A DNA database or DNA databank is a database of DNA profiles. A DNA database can be used in the analysis of genetic diseases, genetic fingerprinting for criminology, or genetic genealogy. DNA databases may be public or private, but the largest ones are national DNA databases.

When a match is made from a national DNA database to link a crime scene to an offender who has provided a DNA sample to a database that link is often referred to as a cold hit. A cold hit is of value in referring the police agency to a specific suspect but is of less evidential value than a DNA match made from outside the DNA database.[1]


Forensic DNA database

A centralised database for storing DNA profiles of individuals that enables searching and comparing of DNA samples collected from a crime scene against stored profiles. The most important function of the forensic database is to produce matches between the suspected individual and crime scene bio-markers, and then provides evidence to support criminal investigations, and also leads to identify potential suspects in the criminal investigation. Majority of the National DNA databases are used for forensic purposes.[2]

Genetic genealogy database

A genetic genealogy database is a DNA database of genealogical DNA test results. GenBank is a public genetic genealogy database that stores genome sequences submitted by many genetic genealogists. Until now, GenBank has contained large number of DNA sequences gained from more 140,000 registered organizations, and is updated everyday to ensure a uniform and comprehensive collection of sequence information. These databases are mainly obtained from individual laboratories or large-scale sequencing projects. The files stored in GenBank are divided into different groups, such as BCT (bacterial), VRL (viruses), PRI (primates)…etc. People can access GenBank from NCBI’s retrieval system, and then use “BLAST” function to identify a certain sequence within the GenBank or to find the similarities between two sequences.[3]

Medical DNA database

A medical DNA database is a DNA database of medically relevant genetic variations. It collects individual’s DNA which can reflect their medical records and lifestyle details. Through recording DNA profiles, scientists may find out the interactions between the genetic environment and occurrence of certain diseases (such as cardiovascular disease or cancer), and thus finding some new drugs or effective treatments in controlling these diseases. It is often collaborated with the National Health Service.[4]

National DNA databases

A national DNA database is a DNA database maintained by the government for storing DNA profiles of its population. Each DNA profile based on PCR and uses STR (Short Tandem Repeats) analysis. They are generally used for forensic purposes which includes searching and matching of DNA profiles of potential criminal suspects.[5]

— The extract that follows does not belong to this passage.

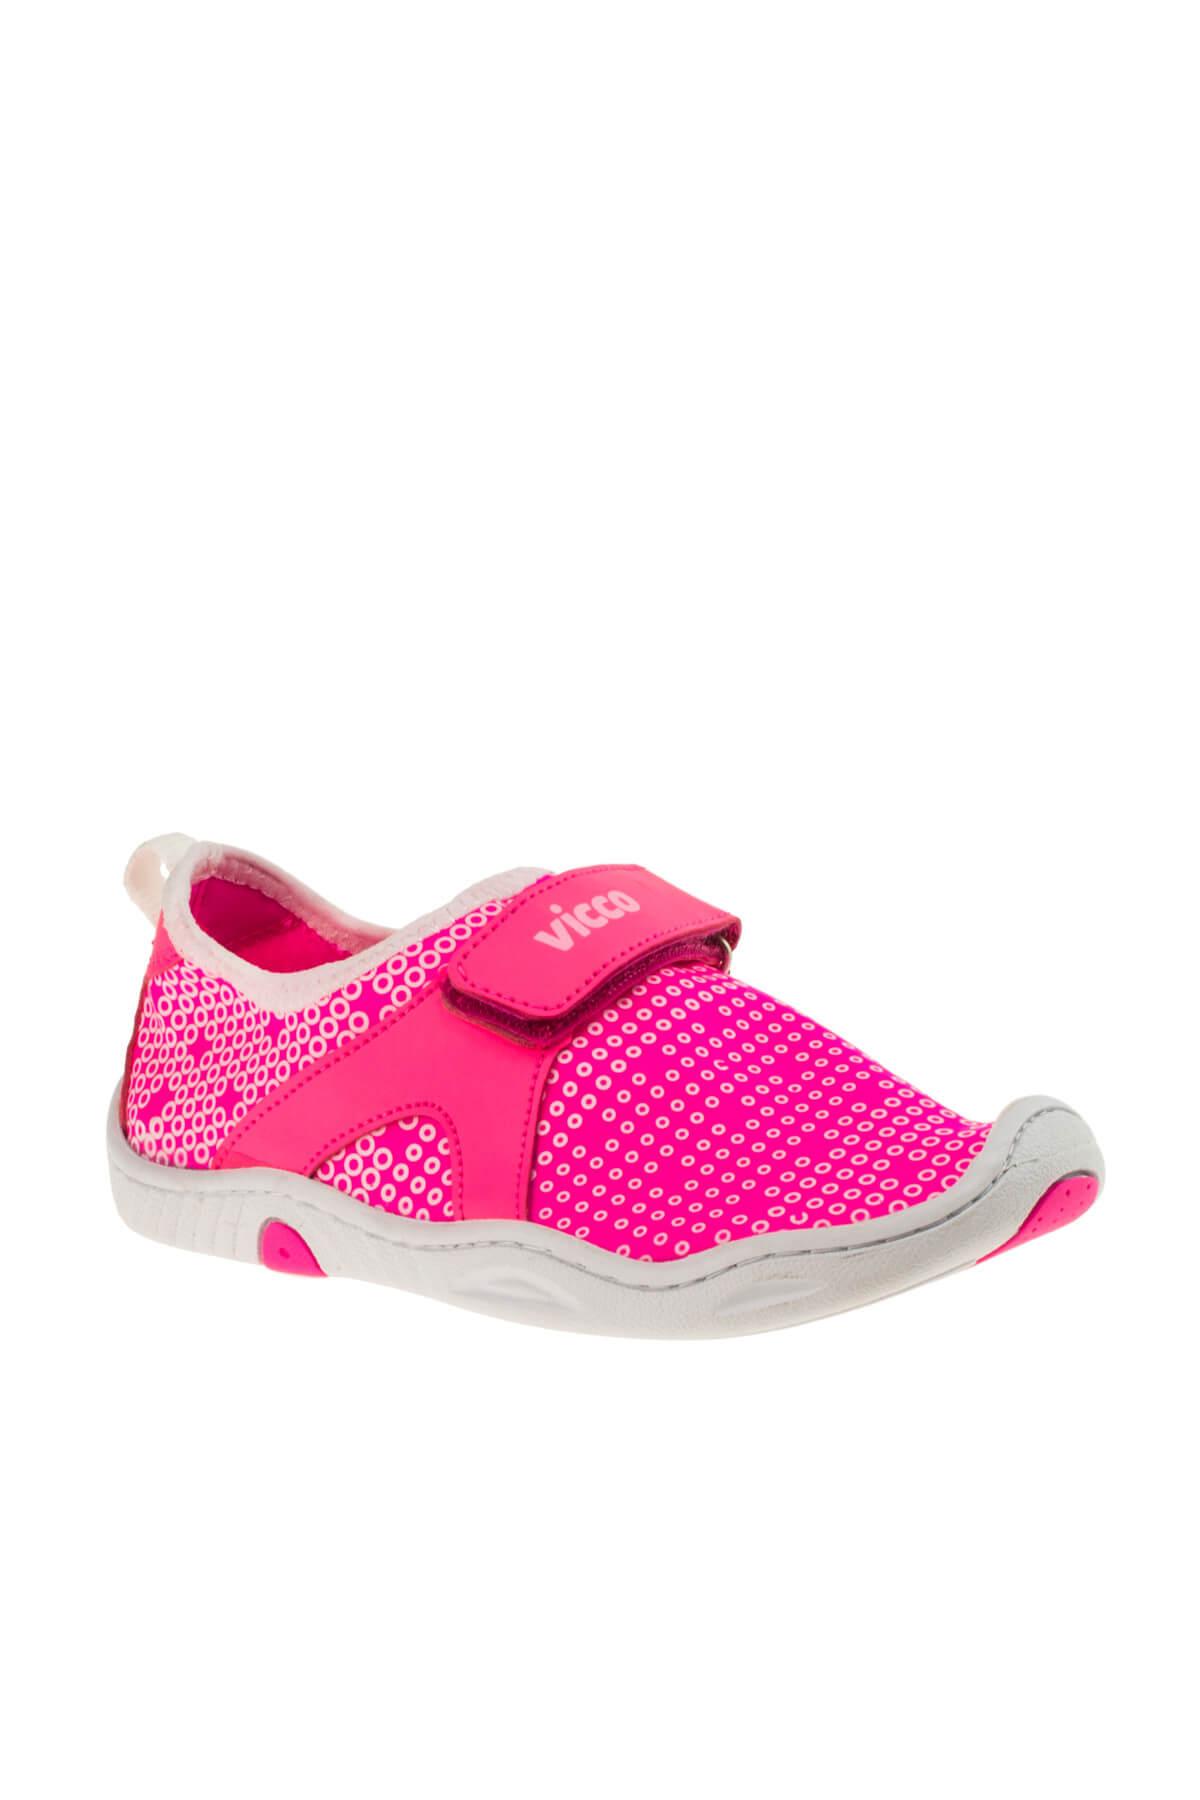 Vicco Pembe Çocuk Ayakkabı 211 224.18Y657F 1

In 2009 Interpol reported there were 54 Police national DNA databases in the world at the time and 26 more countries planned to start one.[6] In Europe Interpol reported there were 31 national DNA databases and six more planned.[6] The European Network of Forensic Science Institutes (ENFSI) DNA working group made 33 recommendations in 2014 for DNA database management and guidelines for auditing DNA databases.[7] Other countries have adopted privately developed DNA databases, such as Qatar, which has adopted Bode dbSEARCH.[8]

United Kingdom

The first national DNA database was established in April 1995 by the United Kingdom, called National DNA Database (NDNAD). By 2006, it had contained 2.7 million DNA profiles (about 5.2% of the UK population), as well as other information from individuals and crime scenes[9] and 5.7 million profiles by 2015.[10][11] The information is stored in the form of a digital code, which is based on the nomenclature of each STR.[12] In the UK, police have wide-ranging powers to take DNA samples and retain them if the subject is convicted of a recordable offence.[13][14] As the large amount of DNA profiles which have been stored in NDNAD, "cold hits" may happen during the DNA matching, which means finding an unexpected match between an individual's DNA profile and an unsolved crime-scene DNA profile.This can introduce a new suspect into the investigation, thus helping to solve the old cases.[15]

United States

The United States national DNA database is called Combined DNA Index System (CODIS). It is maintained at three levels: national, state and local. Each level implemented its own DNA index system. The national DNA index system (NDIS) allows DNA profiles to be exchanged and compared between participated laboratories nationally. Each state DNA index system (SDIS) allows DNA profiles to be exchanged and compared between the laboratories of various states and the local DNA index system (LDIS) allows DNA profiles collected at local sites and uploaded to SDIS and NDIS.

CODIS software integrates and connects all the DNA index systems at the three levels. CODIS is installed on each participated laboratory site and uses a standalone network known as Criminal Justice Information Systems Wide Area Network (CJIS WAN)[16][17] to connect to other laboratories.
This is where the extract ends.